Posted on the 10 April 2012 by Periscope @periscopepost
Will Facebook destroy Instagram? Users of the ‘hipster’ app fearful after billion-dollar deal

Facebook: Too mainstream for Instagram users?

Facebook has bought Instagram for $1 billion in cash and shares, a move that has dismayed and intrigued fans of the popular photo-sharing app in equal measure. Widely considered to appeal to the elusive ‘hipster’ market, Instagram allows users to give their snaps vintage-style effects and share the results on a variety of social networking platforms. The Facebook acquisition has raised fears that the app will lose its independence as well as its reputation as the go-to service for hip smartphone users. According to Mashable, some Instagram users are already rethinking their loyalty.

Facebook founder Mark Zuckerberg insisted that the social networking giant has no intention of swallowing up Instagram: “We’re committed to building and growing Instagram independently… We plan on keeping features like the ability to post to other social networks, the ability to not share your Instagrams on Facebook if you want, and the ability to have followers and follow people separately from your friends on Facebook,” Zuckerberg wrote on – where else? – his Facebook page.

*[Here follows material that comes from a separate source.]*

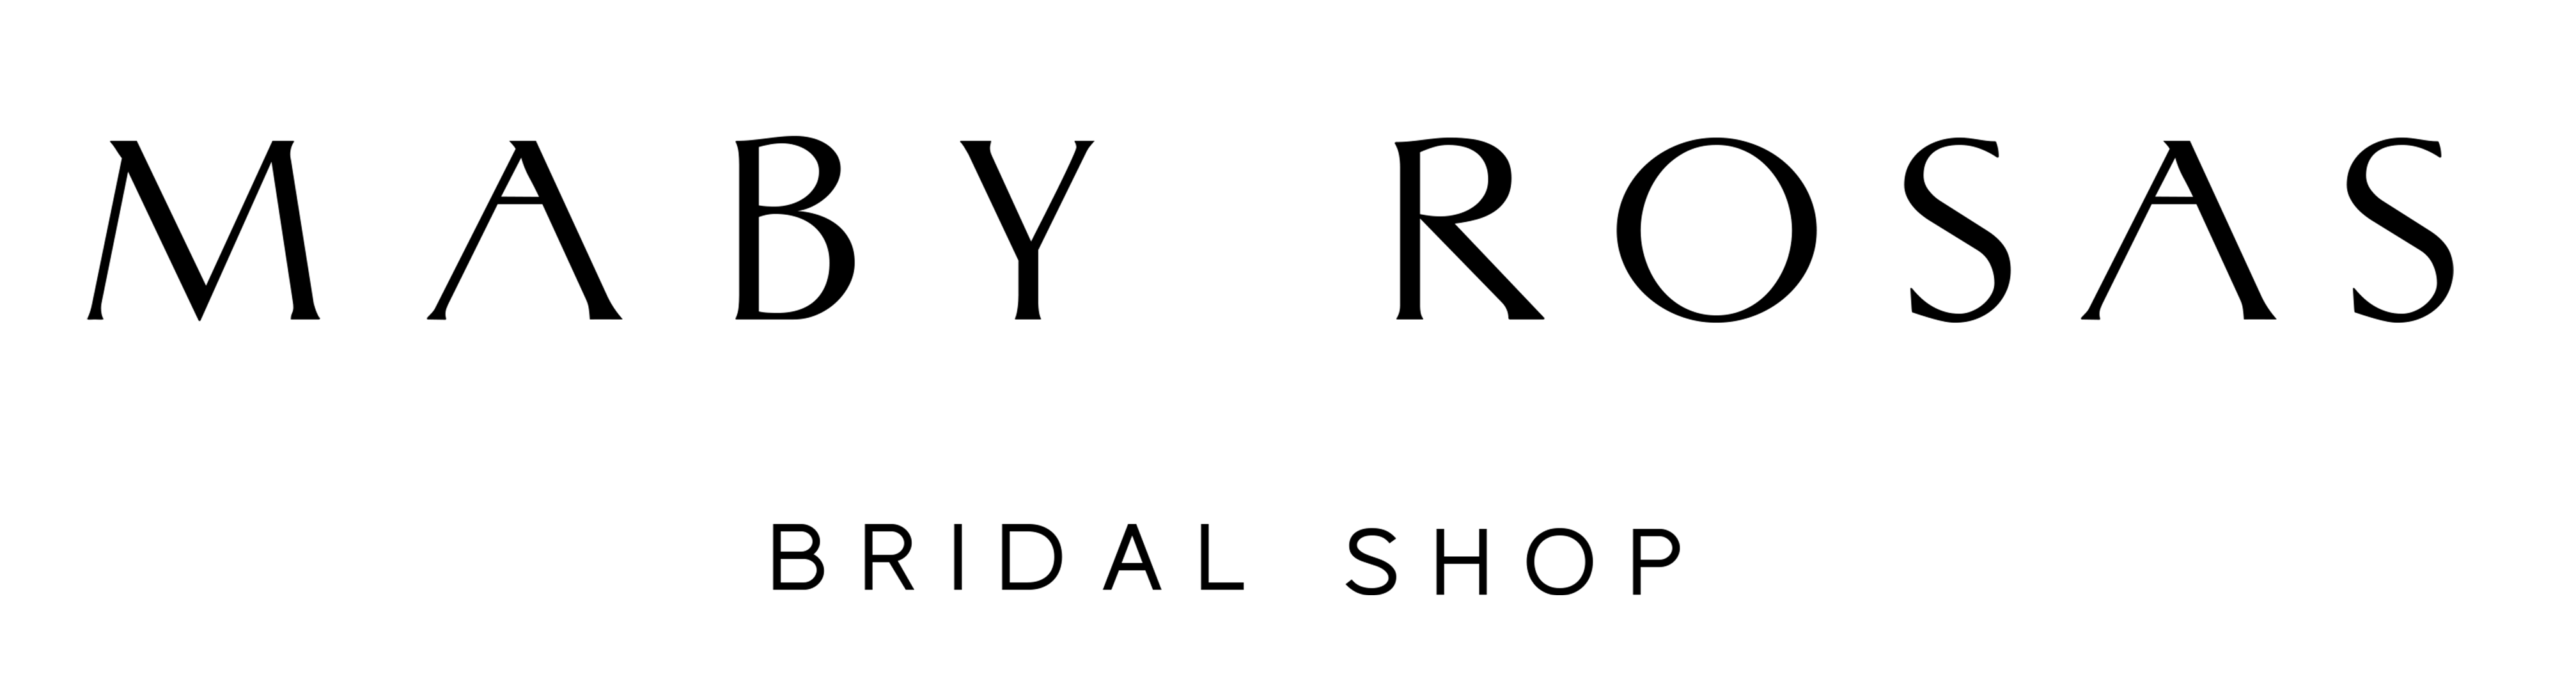 Maby Rosas Bridal Shop

The technorati were also stunned at the scale of the acquisition. While the two-year-old start-up has already racked up over 30 million downloads, the company has yet to post a profit.

Selling out? Instagram is built on its hipster appeal, and the news of the Facebook acquisition risks damaging the brand, wrote Alexandra Petri on a Washington Post blog: “Facebook might just as well have posted a giant banner screaming, ‘INSTAGRAM JUST SOLD OUT AND WENT MAINSTREAM’.” Hipsters as a breed are wary of anything that is already well-known – and Facebook is the embodiment of mainstream: “You are supposed to be that effortlessly cool person who finds things before they Become Known And Ruined. This ruins all that.”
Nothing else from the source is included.